Hello i've been trying to call a python user-defined callback from c++ using cython for a while. But it looks like it's impossible without changes on the c++ side or a static function buffer. So, is there only one option for binding a propper callback (ctypes with CFUNCTYPE)?

Cython 0.29.23

A.hpp:

typedef void (*Callback) ();

class A{
    Callback callback;
public:
    A(){
       this->callback = nullptr;
    }

    void set_callback(Callback callback){
        this->callback = callback;
    }

    void call_callback(){
        this->callback();
    }
};

A.pxd:

cdef extern from "A.hpp":
    ctypedef void (*Callback) ()
    cdef cppclass A:
        A() except +

        void set_callback(Callback callback)

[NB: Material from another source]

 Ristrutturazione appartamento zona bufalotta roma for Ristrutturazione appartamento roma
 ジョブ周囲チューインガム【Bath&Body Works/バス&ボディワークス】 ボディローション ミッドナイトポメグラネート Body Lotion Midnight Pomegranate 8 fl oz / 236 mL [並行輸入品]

        void call_callback()

B.pyx

from A cimport A, Callback

cdef class B:
    cdef A *c_self
    cdef object callback

    def __cinit__(self):
        self.c_self = new A()

    def __dealloc__(self):
        del self.c_self

    cdef void callback_func(self) with gil:
        print("I'm here")
        self.callback()

    def set_callback(self, callback):
        self.callback = callback
        self.c_self.set_callback(<Callback>self.callback_func)

    def call_callback(self):
        self.c_self.call_callback()


def print_():
    print("hello")

b = B()
b.set_callback(print)
b.call_callback()

Output:

I'm here
[segmentation fault]

Looks like ctypes: get the actual address of a c function is a good one work-around, but it uses ctypes. It scares me, but works:

B.pyx

from A cimport A, Callback
import ctypes
from libc.stdint cimport uintptr_t

cdef class B:
    cdef A *c_self
    cdef object callback

    def __cinit__(self):
        self.c_self = new A()

    def __dealloc__(self):
        del self.c_self

    def set_callback(self, callback):
        f = ctypes.CFUNCTYPE(None)(callback)
        self.callback = f
        cdef Callback c_callback = (<Callback*><uintptr_t>ctypes.addressof(f))[0]
        self.c_self.set_callback(c_callback)

    def call_callback(self):
        self.c_self.call_callback()


def hello():
    print("hello")

b = B()
b.set_callback(hello)
b.call_callback()
  • 1
    Please provide a [mcve] showing the code you are having trouble with. – Remy Lebeau Jul 09 '21 at 19:23
  • @RemyLebeau I don't think this requires an [mre] because it isn't a debugging problem. It could possibly do with a little more detail but I don't think it's necessary or helpful to be "complete" – DavidW Jul 09 '21 at 20:24
  • We need to see the OP's code to rule out any possible mistakes being made in it. – Remy Lebeau Jul 09 '21 at 21:02

1 Answers1

0

A function pointer does not have any space to store extra information. Therefore it is not possible to convert a Python callable to a function pointer in pure C. Similarly a cdef function of a cdef class must store the address of the instance to be usable and that is impossible too.

You have three options:

  1. Use ctypes as in https://stackoverflow.com/a/34900829/4657412 (the bottom half of the answer shows how to do it). ctypes accomplishes this with runtime code generation (and thus only works on processors that it explicitly supports).

  2. Use a std::function in C++ instead of a function pointer. These can store arbitrary information. You need to write an object wrapper (or re-use one from elsewhere) so it isn't completely pure Cython. See Pass a closure from Cython to C++. What you're trying to do is probably better covered by How to use a Cython cdef class member method in a native callback.

  3. Use the class C scheme where the callback is of type

     void (CallbackT)(/* any args */, void* user_data)
    

    and is registered with:

     void register_callback(CallbackT func, void* user_data)
    

    In this case user_data would be the address of your B instances (and you'd need to make sure it was Py_INCREFed before setting the address and Py_DECREFed before unsetting the address). Cython callback with class method provides an example.